Sí, a los niños estéticamente les encanta, porque es fácil de imitar, e incluso recibo dibujos de niños, de modo que se han generado unos vínculos naturales muy interesantes. Y lo mejor es que puedes ir introduciendo conceptos que para los niños resultan abstractos, como el hecho de explicar qué es una fundación. A través de Min lo puedes transmitir sin problemas.

Ya nos ha comentado que tiene mucho suyo. Pero habrá otras influencias. 

Sí, Min se ha configurado nutriéndose de muchas personas que han dejado su huella  en mi vida. Una vez hice una lista de las 150 que han forjado mi carácter y mi forma de pensar. Las dos primeras son mis padres, claro está. Y después hay 148 más.

El siguiente paso sería convertir todo esto en una serie de animación.
Sí, estamos intentando, a través de una productora convertir este personaje en una serie de microespacios.

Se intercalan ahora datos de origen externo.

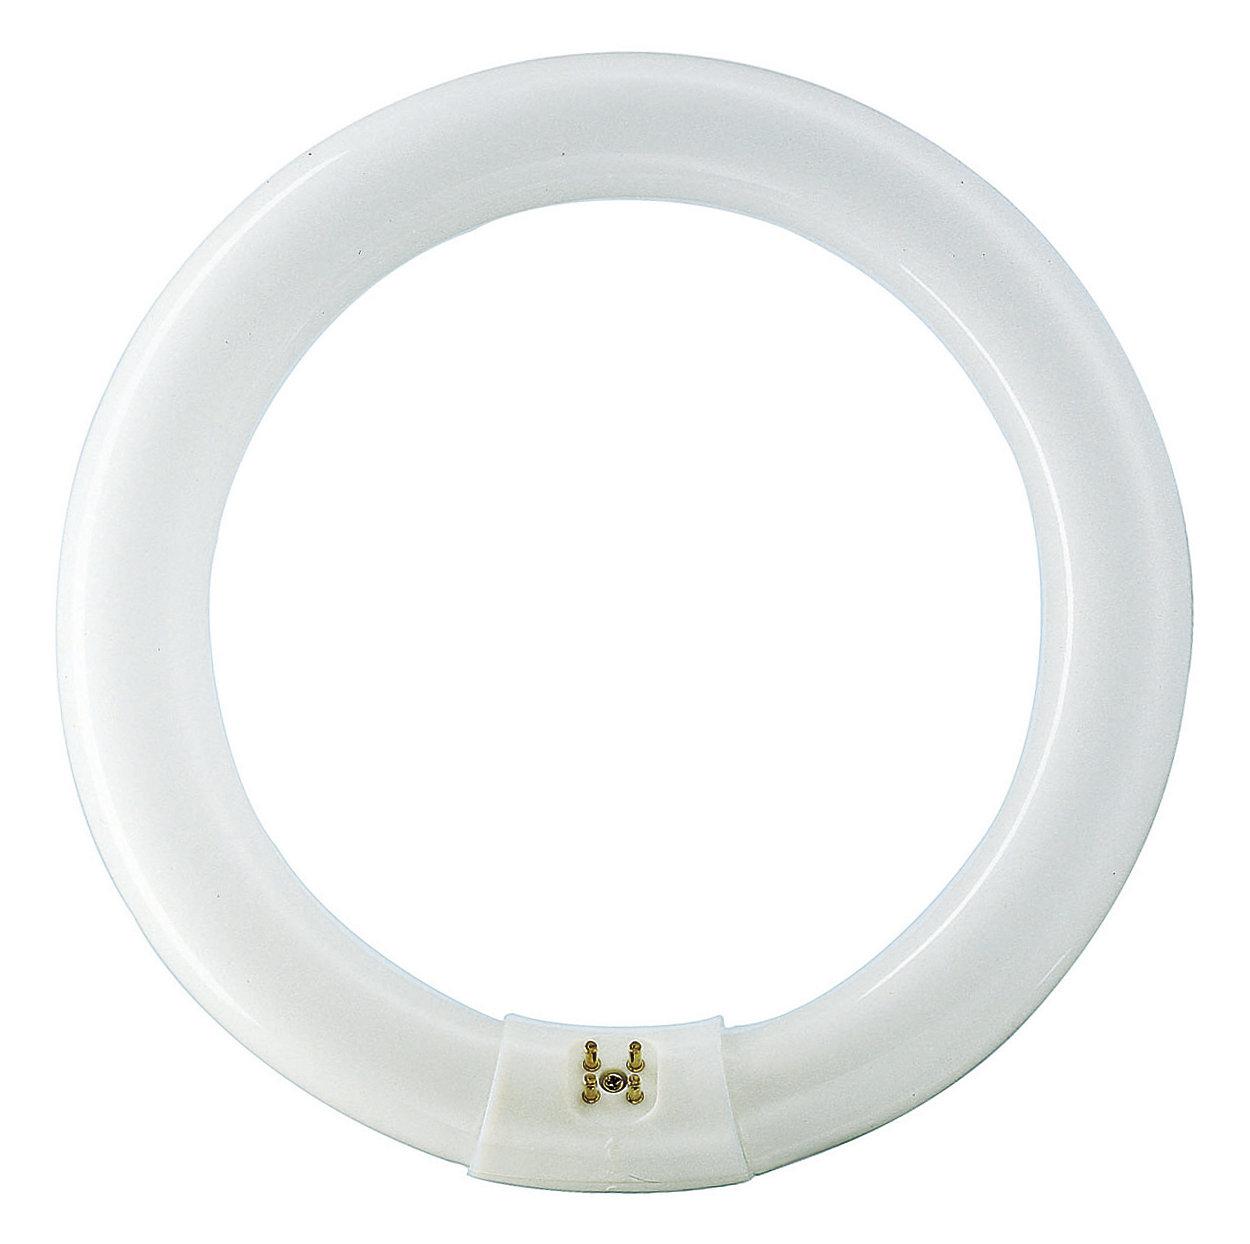 Cirkelvormige fluorescentieverlichting met verbeterde kleurweergave
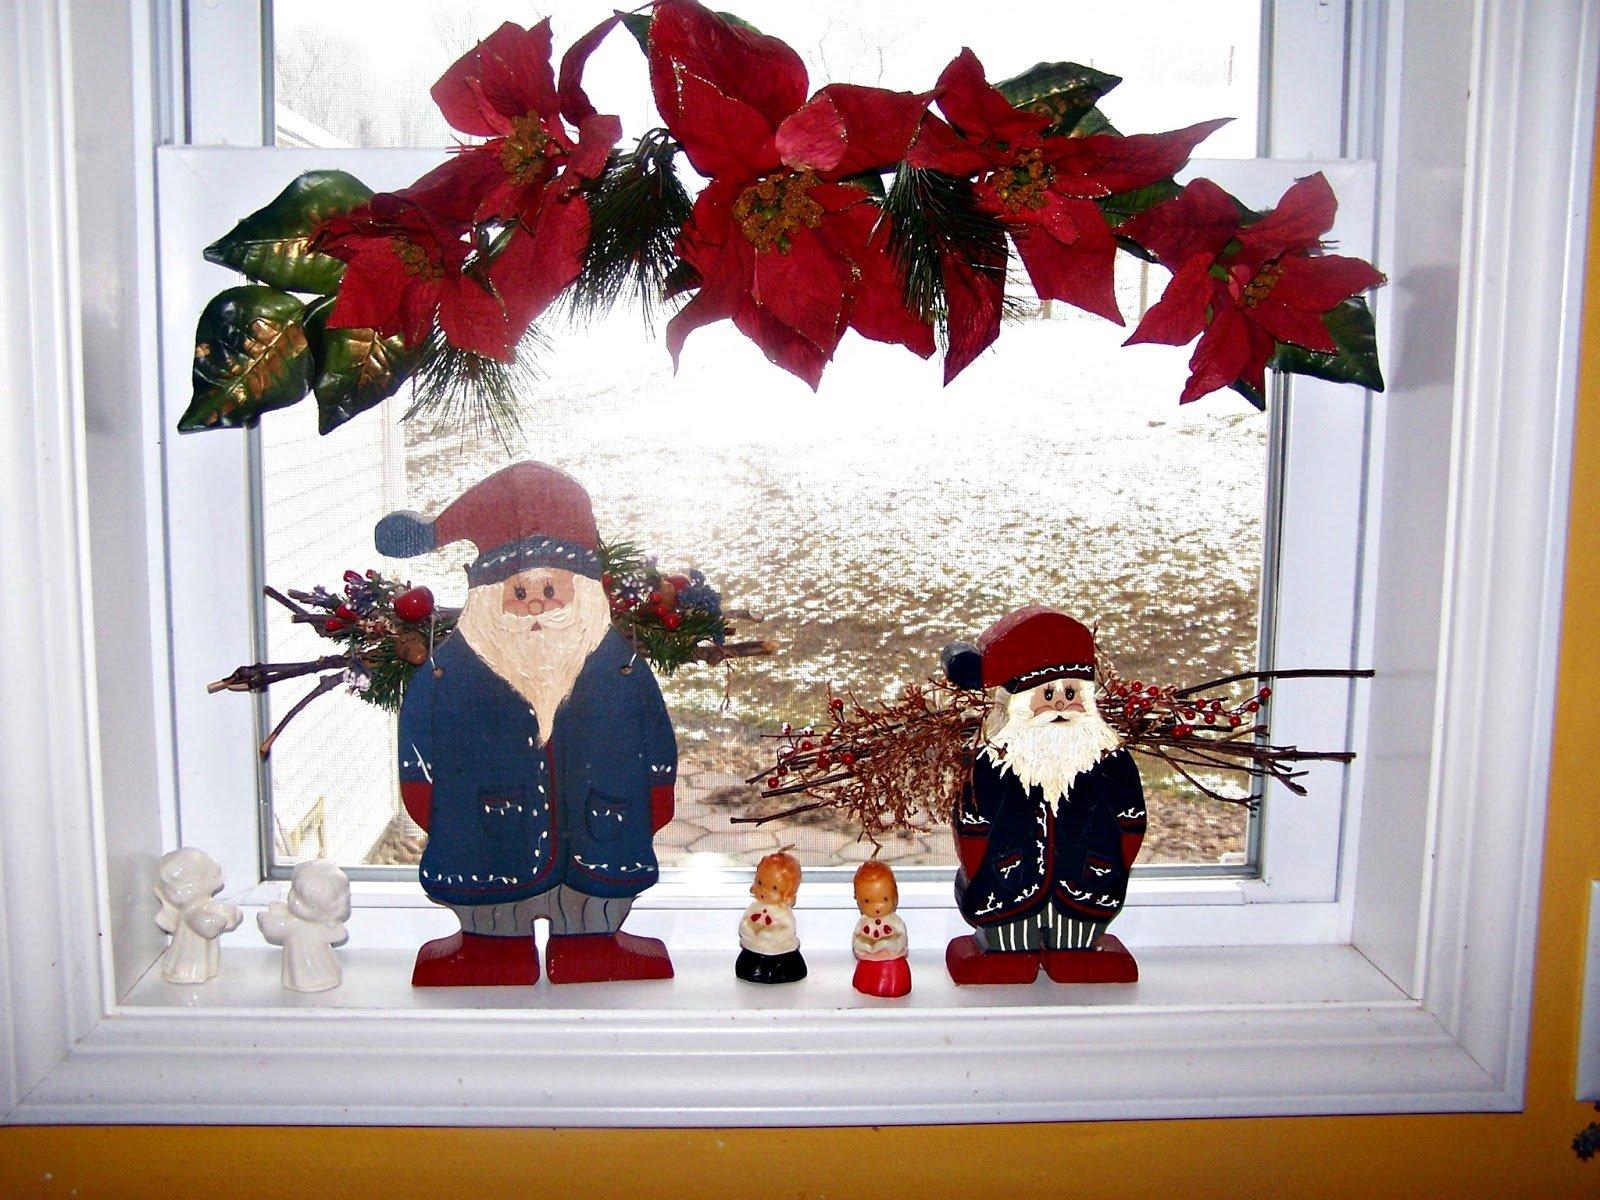 Window decorations for christmas homesfeed - Decoracion de navidad para oficina ...

Es un proyecto que ha ido creciendo y con el que hemos conseguido todos los objetivos que nos hemos propuesto. Han sido cinco galas que hemos realizado con las fundaciones con las que trabajamos: Orfanatos de África, Pequeño Deseo, Teodora Payasos, Menudos Corazones e Isabel Gemio. Y la próxima será Sandra Ibarra. Lo que se recoge en las galas va destinado íntegramente a estas organizaciones, y licencia que sale asociada a ese producto es el royalty vitalicio para la fundación. Seguramente somos bastante exigentes, pero así uno sabe cuando las cosas realmente funcionan.

¿Le presentan muchos proyectos?
De momento los vamos a buscar nosotros porque sabemos qué es exactamente lo que pretendemos. Esencialmente, que sean proyectos infantiles y que sean destinados a cosas muy concretas.

Debe ser difícil encontrar una implicación total en proyectos de este tipo.
Bien, pero este tipo de personas son las valientes de verdad. Nosotros estamos aquí intentando aportar y las empresas nos ayudan pero no están aquí para eso, así que la gran suerte es encontrar a alguien realmente comprometido, a aquellas personas, sean periodistas o publicistas que den algo más de su talento o de su profesionalidad. Que realmente crean en aquello que hacen, que sean sensibles a lo que nosotros hacemos. Porque esto acaba transmitiéndose.

Quizá el éxito que tienen lo podrían repetir en otros modelos. 

Bien, de hecho, podría dedicarme a hacer consulting sólo con este tema porque ahora sólo empezamos a intuir hasta dónde podría llegar el dibujo de una niña para expresar conceptos como la responsabilidad social. Pero, ¿sabe? En el fondo se trata siempre, de lo mismo: comunicar emociones.